As bisexuals took their place in the homosexual alphabet acronym, in the 2000s a paradigm shift occurred as transgender visibility was being perceived as another “sexual minority.” However, “gender identity” was not viewed by many in the community as the same as “sexual orientation” and many resisted transgender issues as being part of a homosexual rights movement.
After a vote at their 1998 annual meeting in San Francisco, Parents and Friends of Lesbians and Gays was the first national organization to officially adopt a transgender-inclusion policy in its mission statement. PFLAG continued the push to include Transgender as part of their work by creating the Transgender Network (TNET) in 2002. PFLAG’s national influence became the main motivator for the inclusion of Transgender as part of the homosexual acronym.

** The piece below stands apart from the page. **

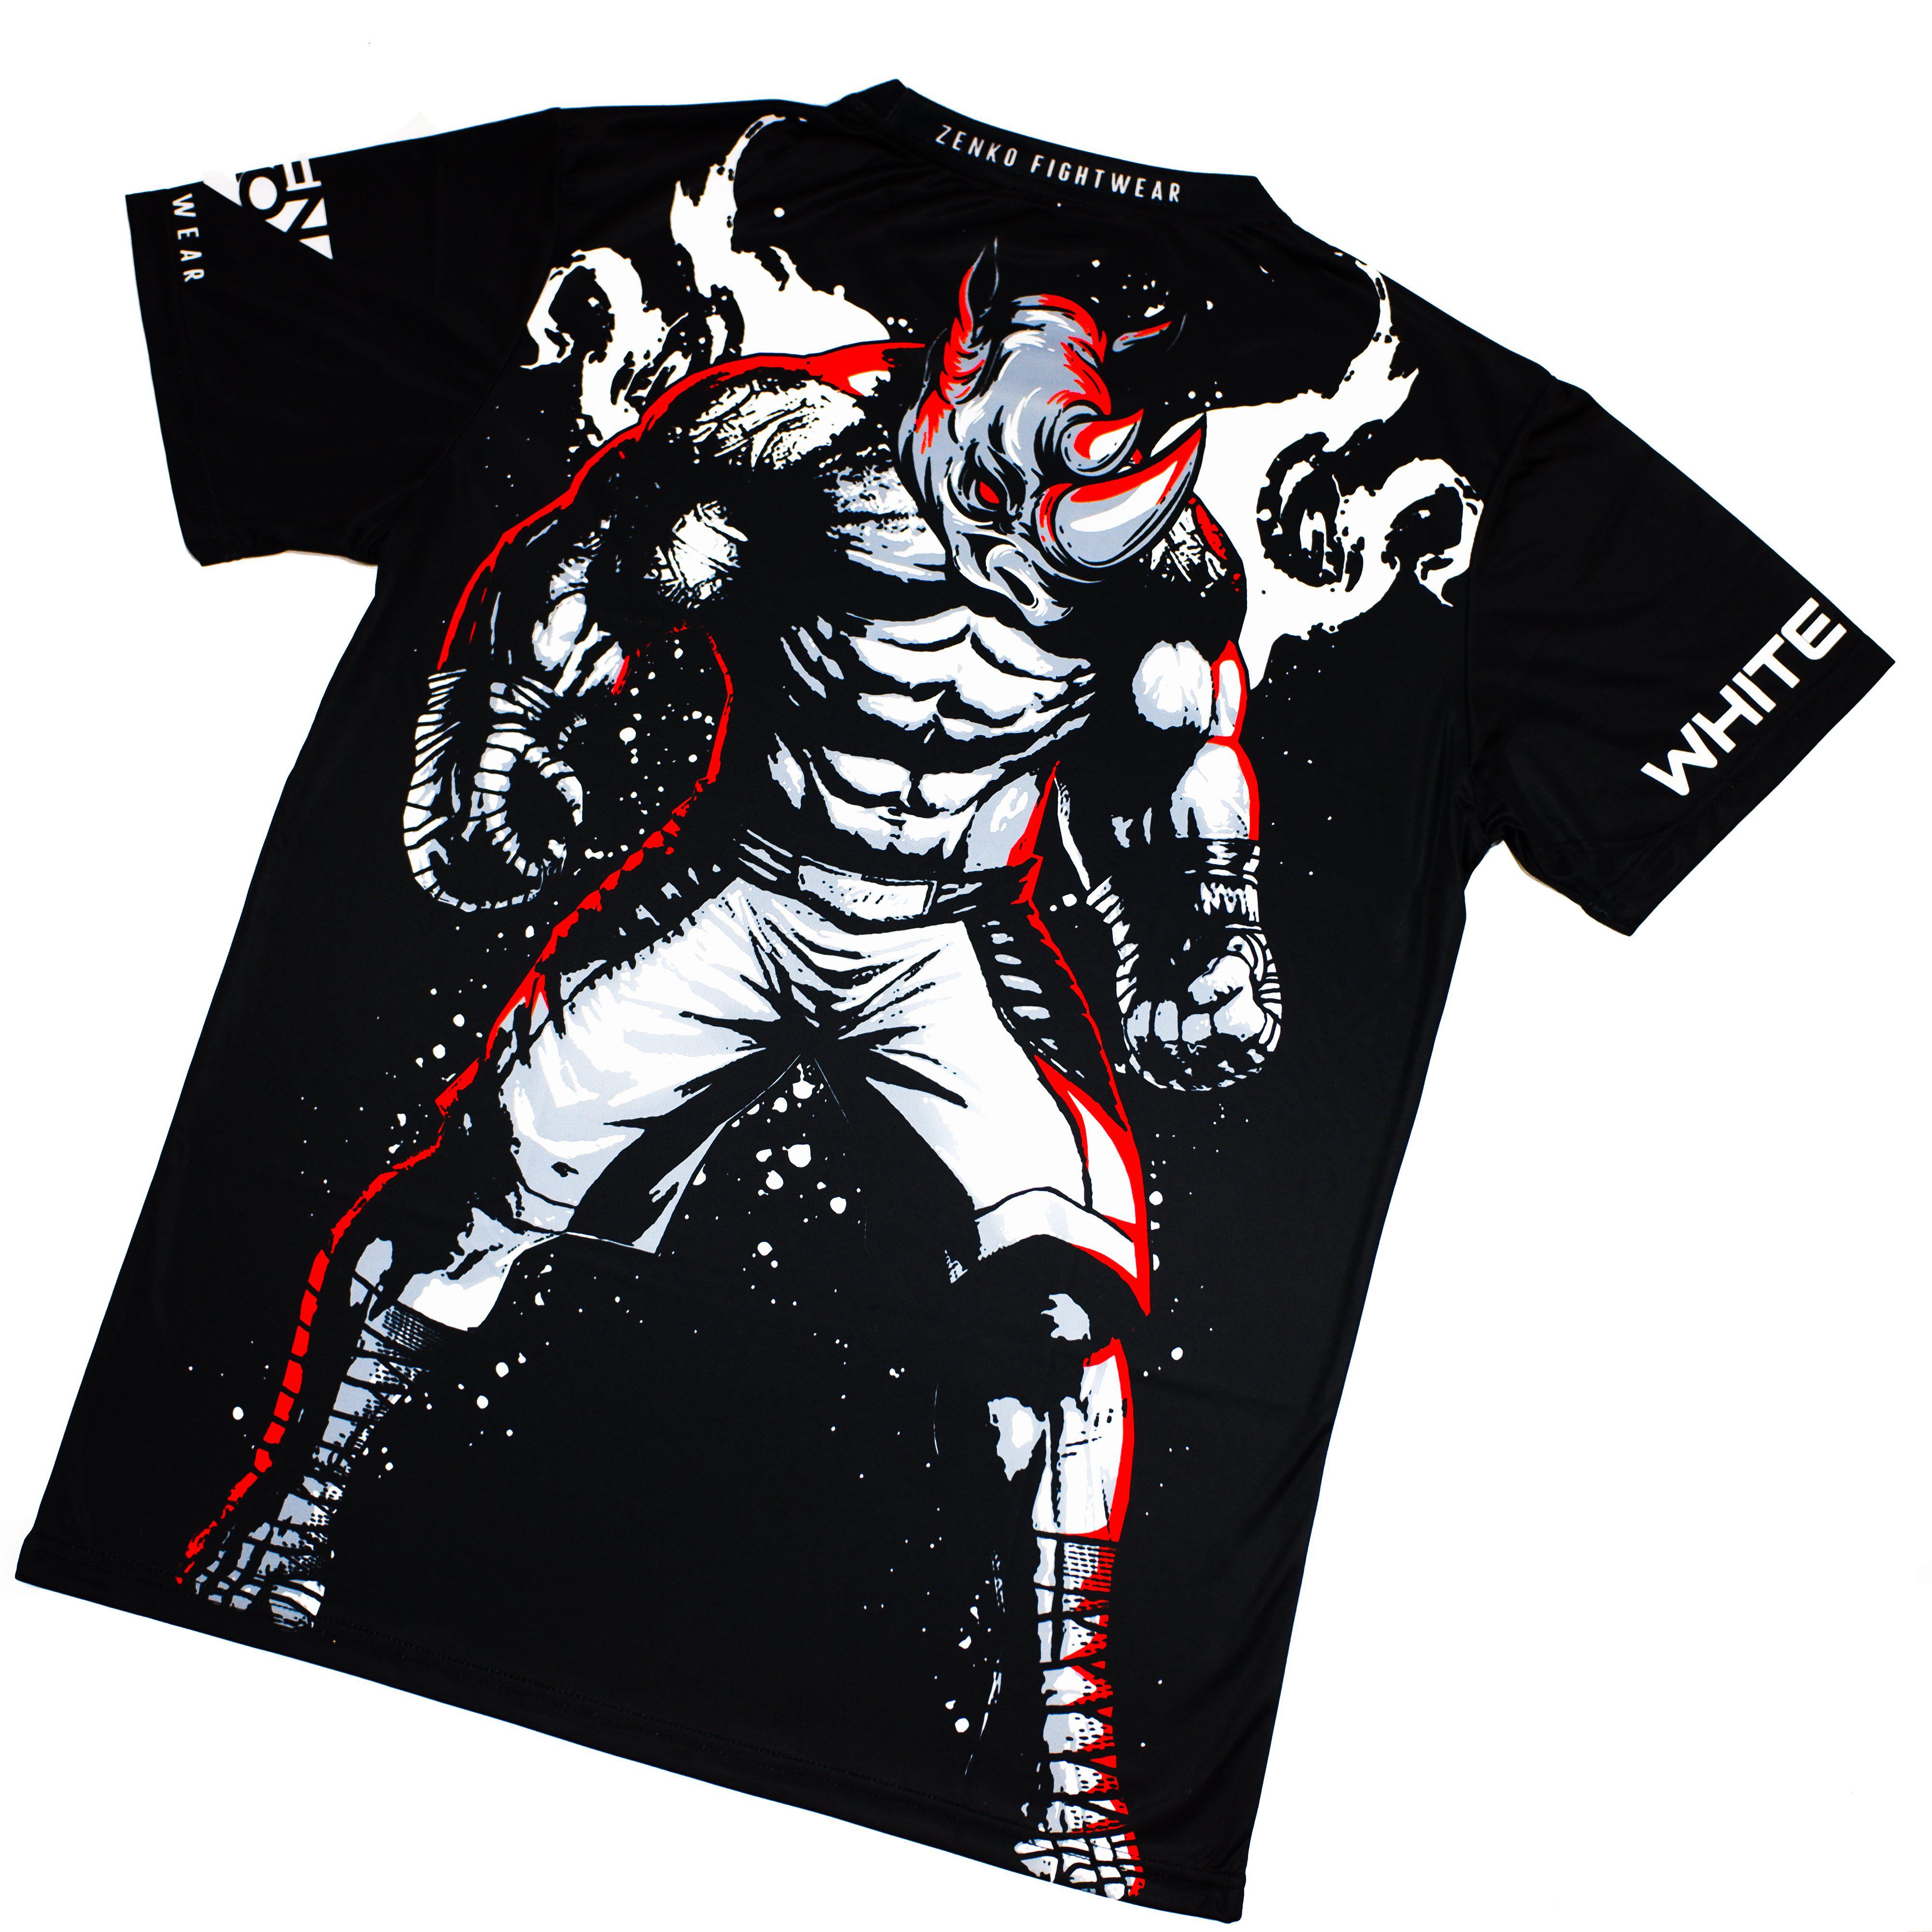 Asylum Fight Team - White Rhino Kickboxing Rhino Jersey Tee - Zenko Fightwear

By 2004, Utah’s Gay and Lesbian Community Center officially changed its name to reflect the national trend to include transgender folk within the gay, lesbian and bisexual communities. Its new moniker however was an awkward mouthful – the Gay, Lesbian, Bisexual, and Transgender Community Center of Utah (GLBTCCU).
Until 2005 the acronym GLBT (Gay, Lesbian, Bisexual, and Transgender) was used to refer to this new movement that included all sexual minorities. Also in 2005, the Utah Community Center switched the acronym to LGBT (Lesbian, Gay, Bisexual, and Transgender) to refer to homosexuals and transgenders in their publications and web postings.
It is clear even today, from the use of queer as a unifying umbrella term as gay once was, that our movement is still undergoing growing pains, and there are still no agreement as to whether the acronym should be GLBT or LGBT. Or as more people are demanding inclusion should the alphabet moniker keeps growing to include Q and I and A and P?
Some see this growth as a good thing as we become more and more inclusive, while others see it as diluting the original concept of “community” believing that we, by trying to become all things to all people, have lost that part of us that made us gay in the first place. As we enter mid way into the 2010s can we reconcile a movement that began to protect and safeguard the rights of people’s sexual orientation, a fundamental right to love who you will without persecution, with a movement based on gender identity? Once gay people referred each other as “family”… can there be an LGBTQIA family? Time and history will tell I suppose.